Directions: What is needed is an exact reproduction of the lines in the records below, starting at the line with "Mannequin front view, wearing deer costume." and ending at the line with "big carrot png image pngpix #17603", both included, and nothing else; pictures stay out.

Provided records:

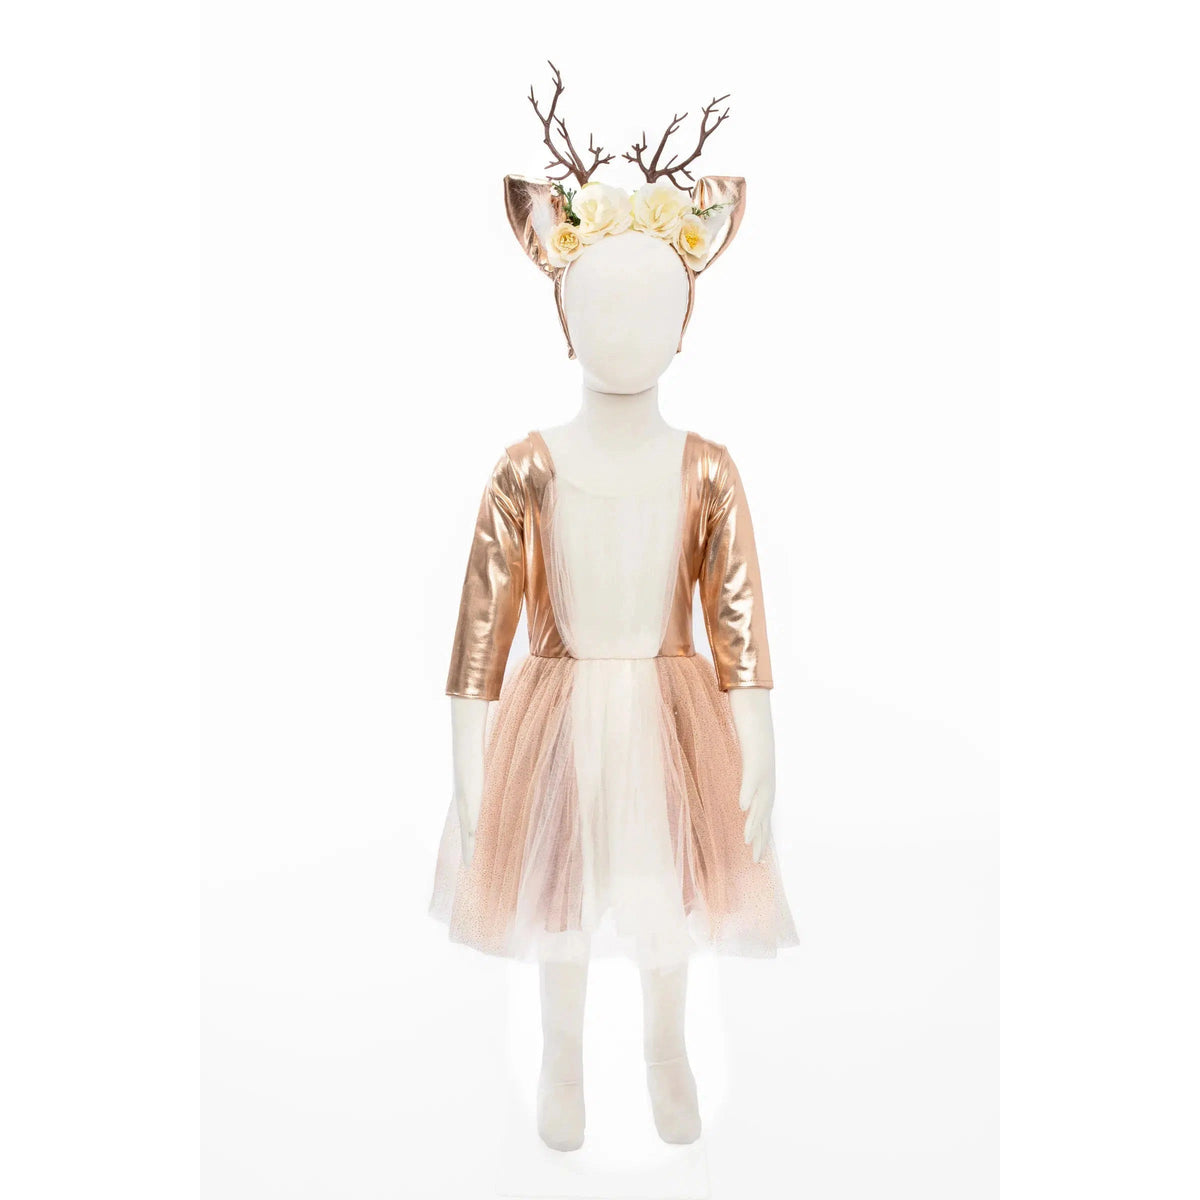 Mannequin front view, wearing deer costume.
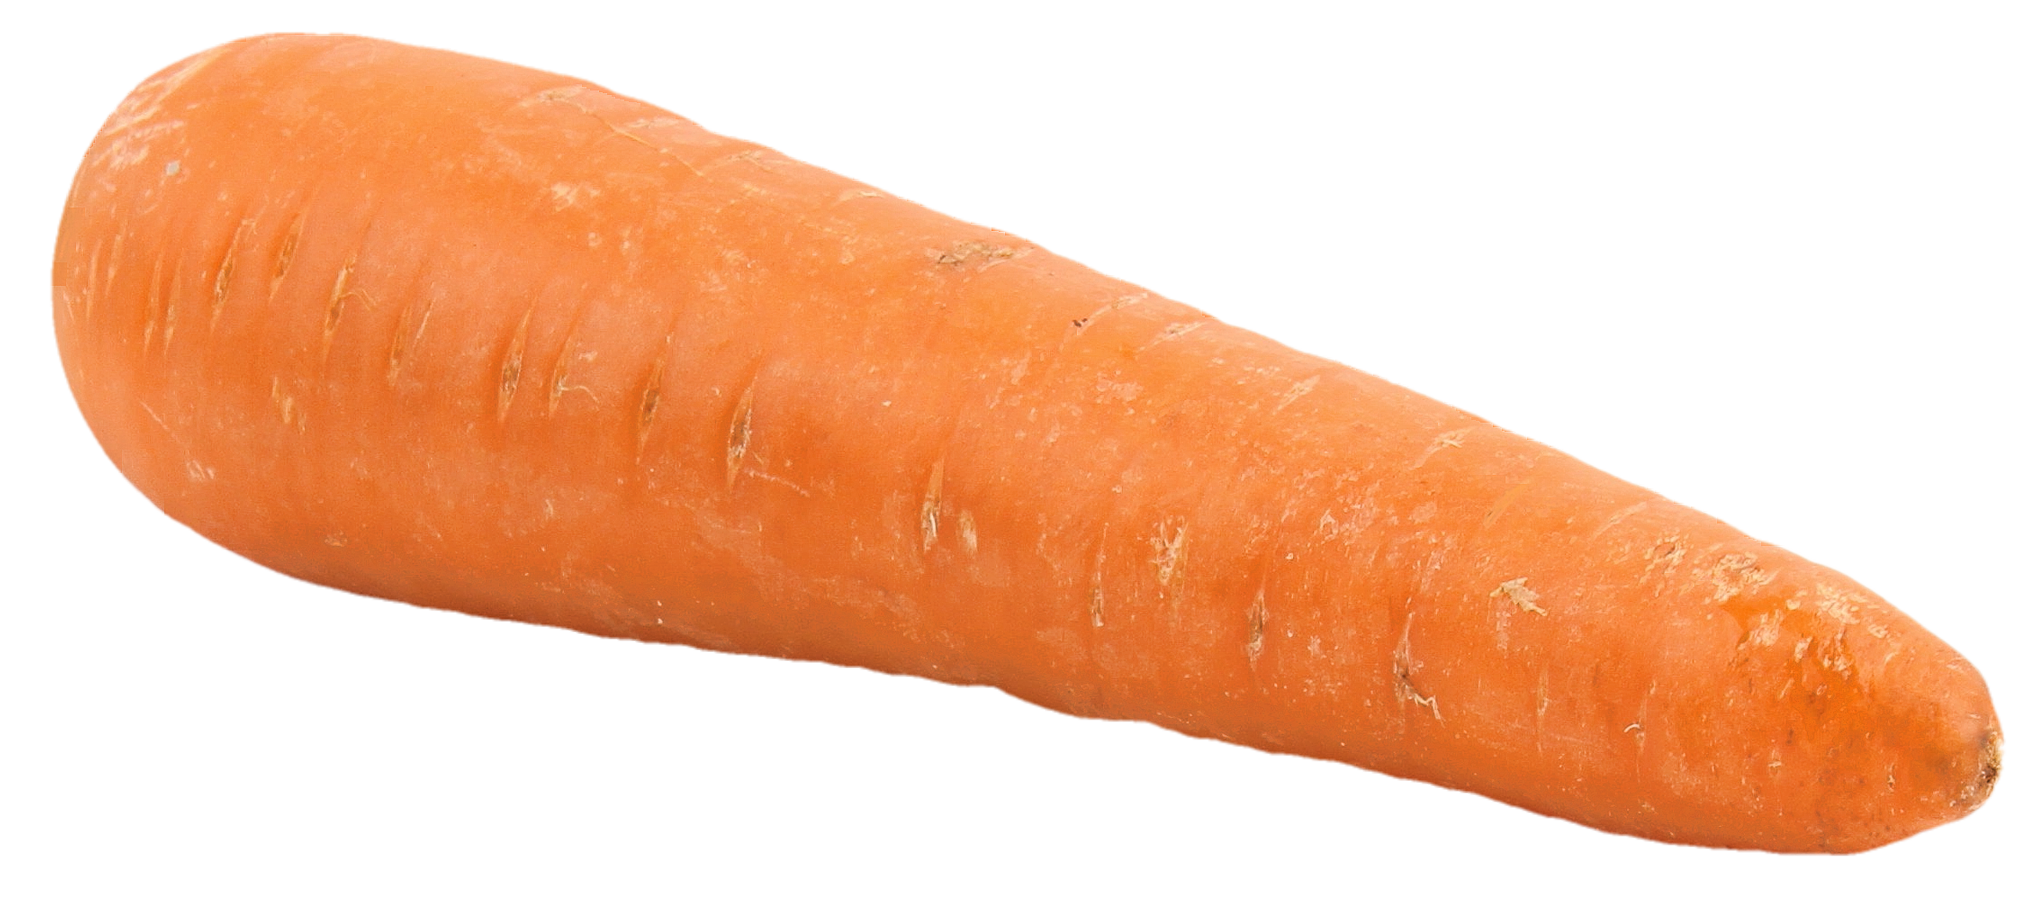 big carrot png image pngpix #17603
* * *
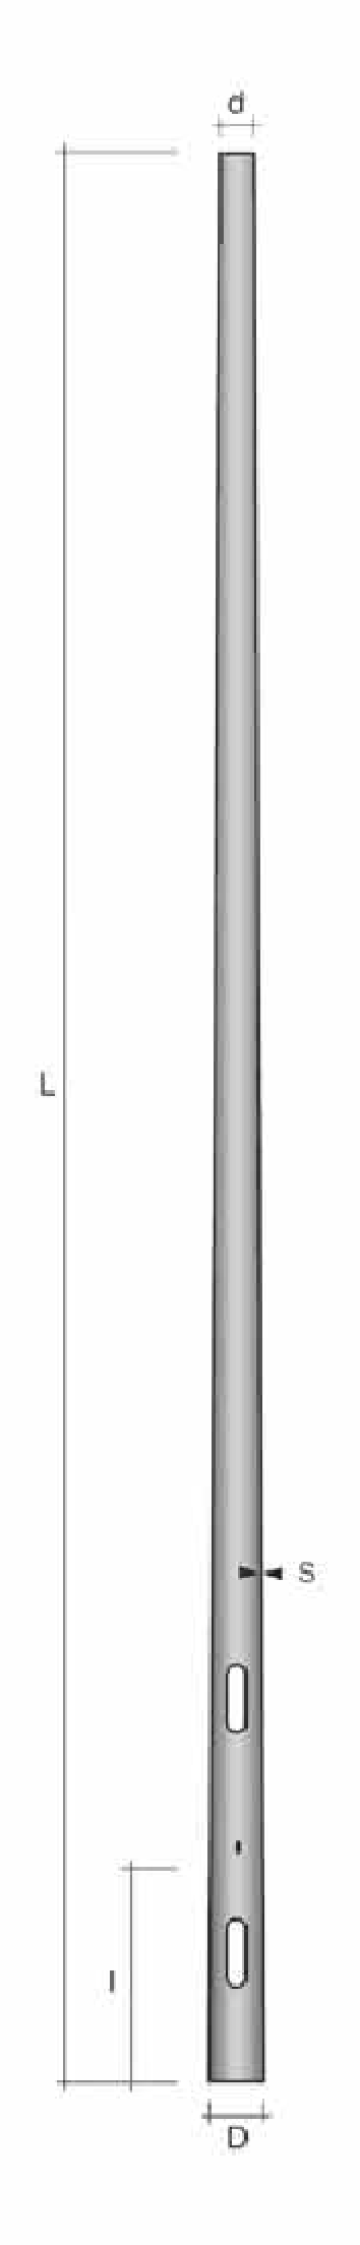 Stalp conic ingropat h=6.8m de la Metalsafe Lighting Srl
...
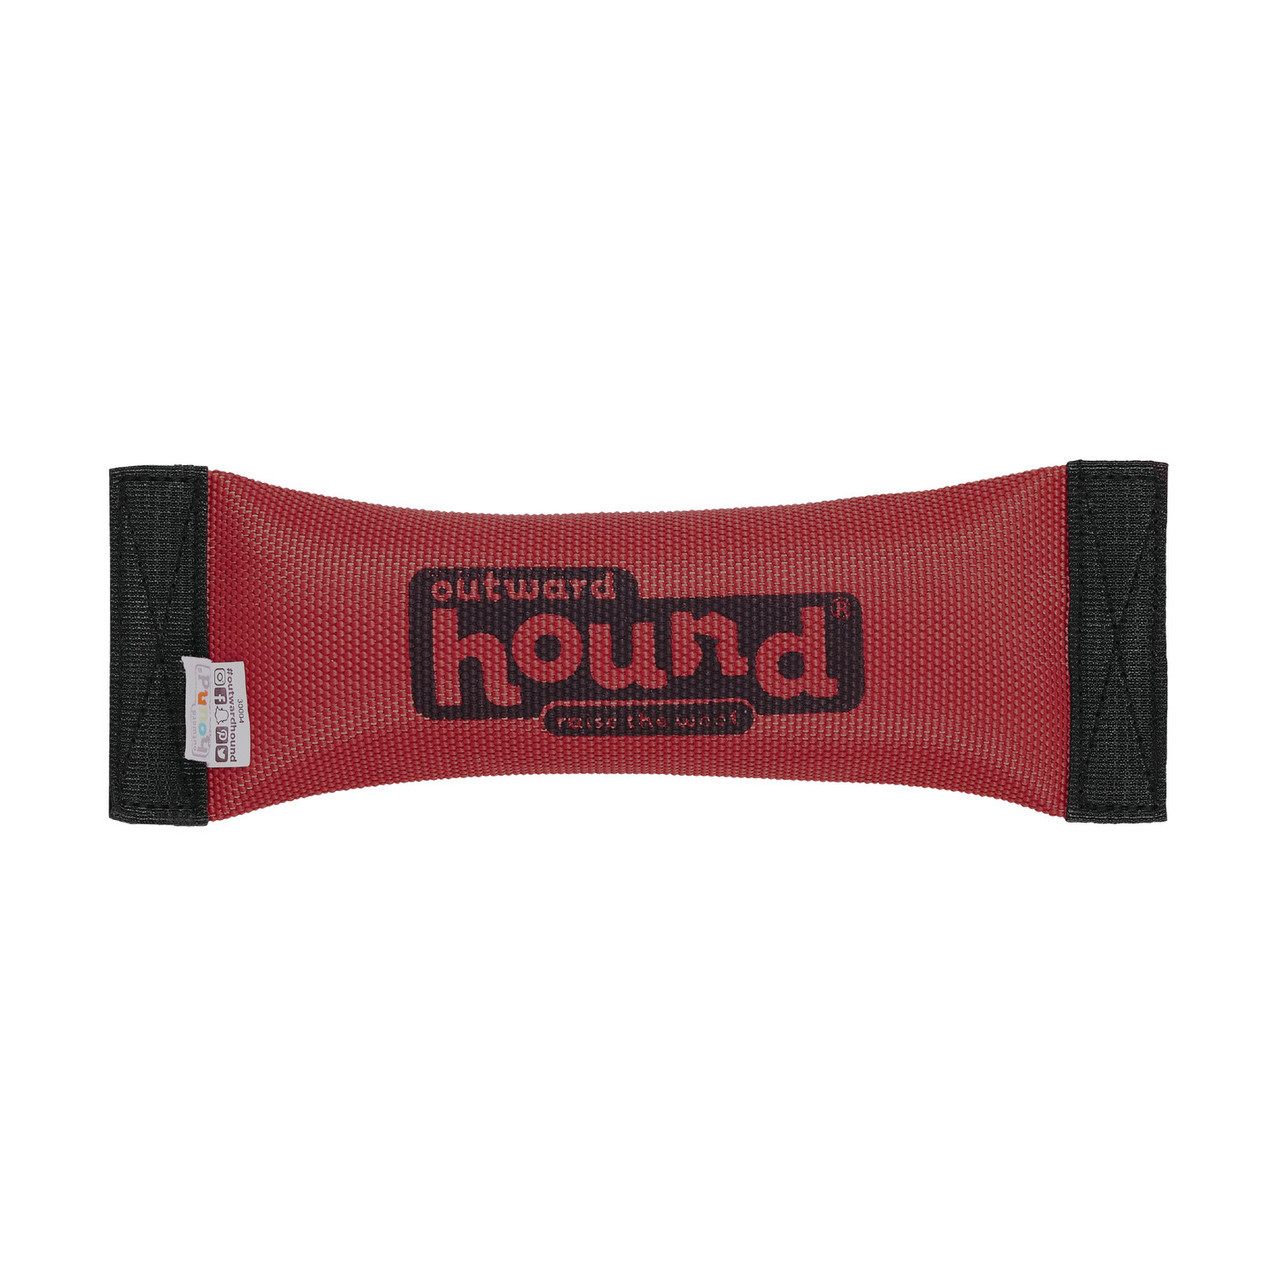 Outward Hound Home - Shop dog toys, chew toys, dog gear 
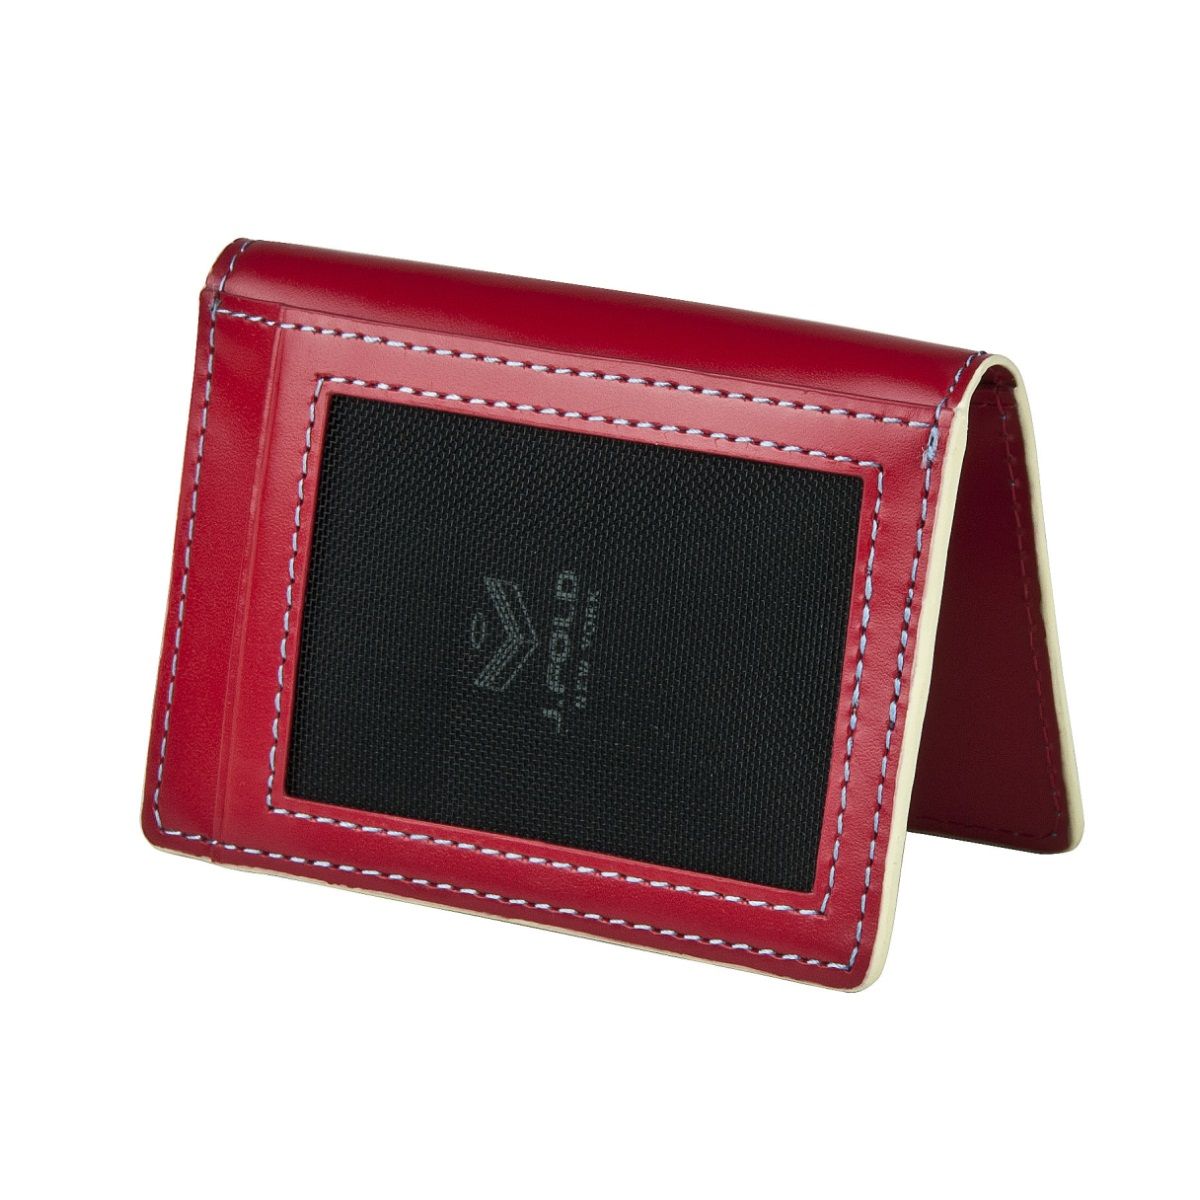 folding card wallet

Answer for the task:
 Mannequin front view, wearing deer costume.
 big carrot png image pngpix #17603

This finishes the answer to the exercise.